Im Mai 1984 nimmt es seinen Anfang. Auf einem Parkplatz nahe Marbach am Neckar entdecken Spaziergänger die Leiche eines Heilbronners, der im Landkreis Aschaffenburg gelebt hat. Getötet wurde der 46-Jährige durch einen Kopfschuss. Doch damit nicht genug: Der Täter entwendet dessen Auto, um eine Volksbank in Burgstetten im Rems-Murr-Kreis zu überfallen. Mit rund 5000 Mark im Gepäck nutzt der Hammermörder den weißen BMW als Fluchtfahrzeug.

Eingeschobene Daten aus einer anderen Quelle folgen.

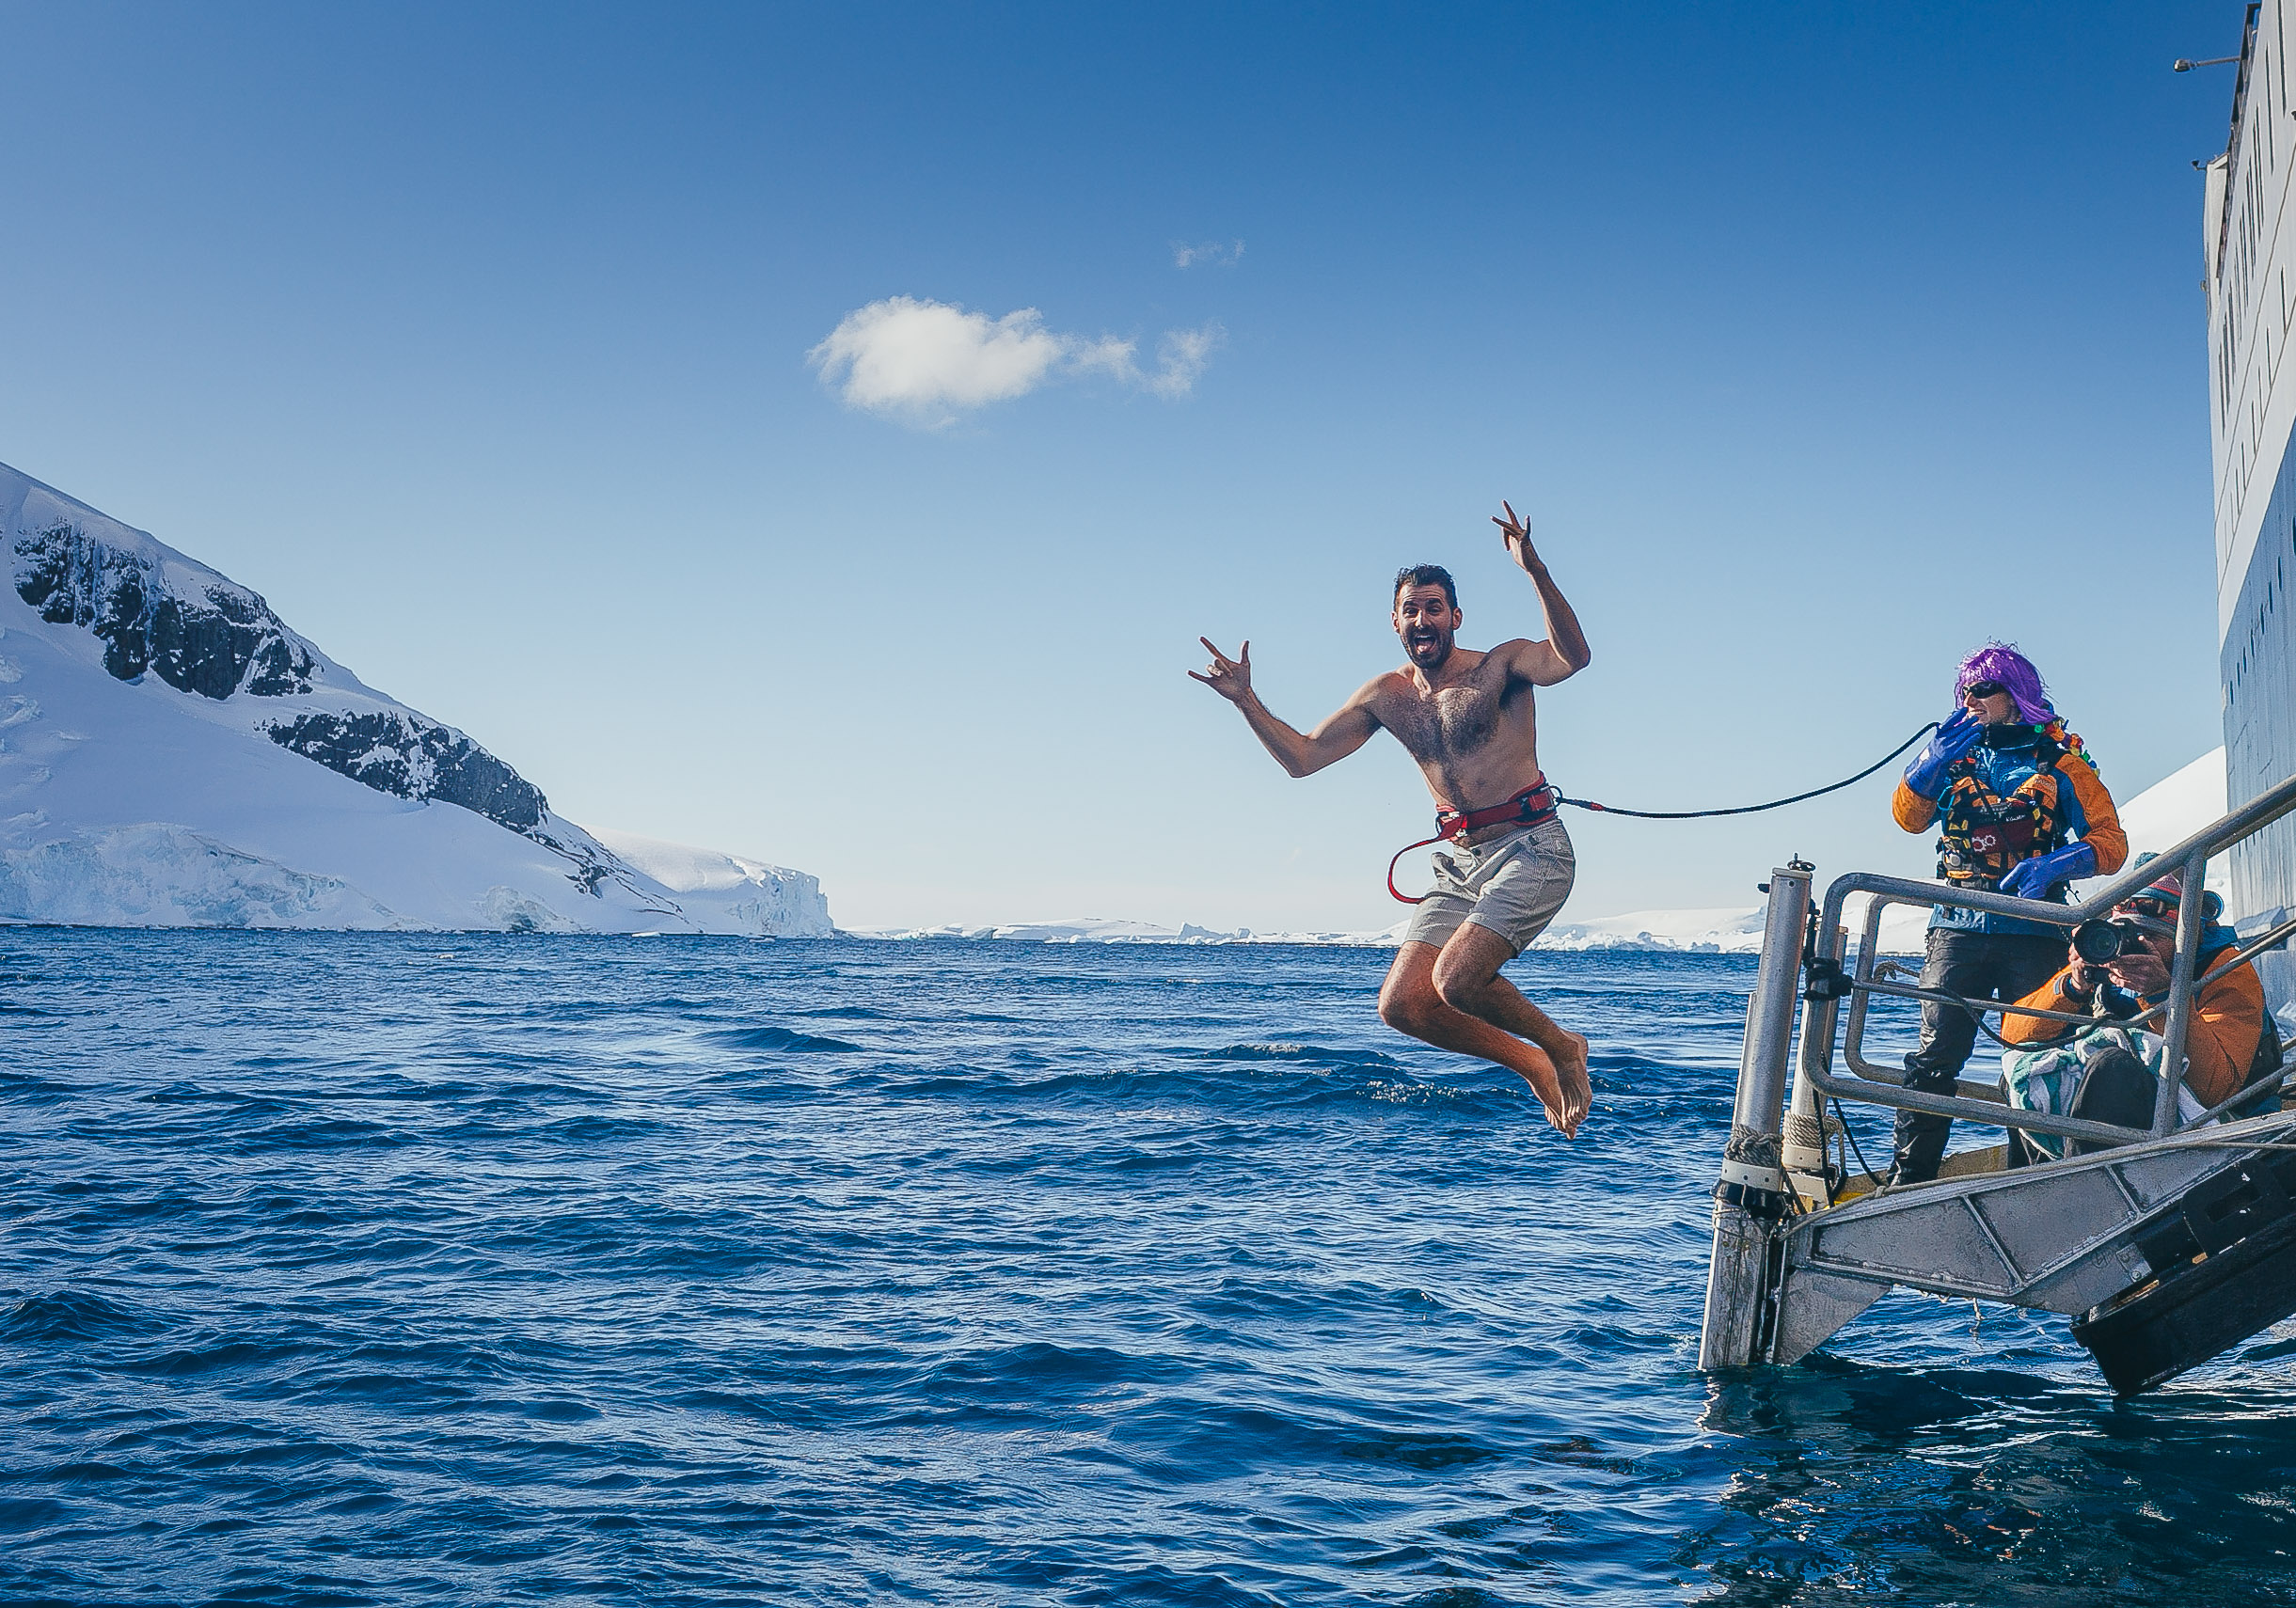 The Polar Plunge In Antarctica: How Bad Is It Really?

Die Taten des Hammermörders: Banküberfall in Cleebronn

Mehr als ein halbes Jahr lässt der Hammermörder sich Zeit, bevor er erneut zuschlägt. Am 28. Dezember 1985 hat es der Hammermörder auf die Volksbank in Cleebronn abgesehen – und macht seinem Namen alle Ehre: Mit einem Vorschlaghammer schlägt er ein faustgroßes Loch in die Verbindungstür, durch das er eine Waffe hält. Daraufhin öffnen die Bankmitarbeiter die Tür.


„Dies ist ein Überfall“, soll er laut dem Stimme-Bericht in schwäbischem Dialekt gerufen haben. 79.000 Mark werden in seine mitgebrachte Plastiktüte gesteckt. Dem Täter gelingt erneut die Flucht, dieses Mal mit einem gestohlenen hellgrünen VW Golf mit Nürnberger Kennzeichen. Zwei Tage später finden Jogger auf einem Parkplatz bei Großbottwar eine Leiche – der Besitzer des Fluchtfahrzeugs. Das Vorgehen legt nahe: Es handelt sich um denselben Täter wie in Marbach.

Soko „Hammer“ sucht Mörder im Raum Heilbronn: Ist ein Polizist der Täter?

Ist es das Geld, das den Täter antreibt oder die Lust am Töten? Darüber rätselt auch die Anfang 1985 gegründete Sonderkommission „Hammer“. Zunächst sind rund 20 Beamte zuständig, über die Monate wächst die Truppe auf knapp 100 Mann an. Die Hinweise aus der Bevölkerung ergeben nichts. Daran ändert auch die ausgesetzte Belohnung der Staatsanwaltschaft über 8000 Mark sowie die von der Versicherung versprochenen zehn Prozent der Beute nichts.

Es wird vermutet, dass der Täter Ortskenntnisse der Region besitzt. „Bekannt wurde außerdem, dass die Polizei den Täter auch in den eigenen Reihen sucht“, schreibt die Heilbronner Stimme am 28. Februar 1985. Denn auffällig ist, dass die Raubüberfälle immer am Rande von Polizeirevieren zu Zeiten des Schichtwechsels stattfinden. Wie sich später herausstellt, wird auch ein Projektil gefunden, das sich den Dienstwaffen der Polizei zuordnen lässt. Im Hintergrund werden 12.000 Pistolen der Beamten ausgewertet.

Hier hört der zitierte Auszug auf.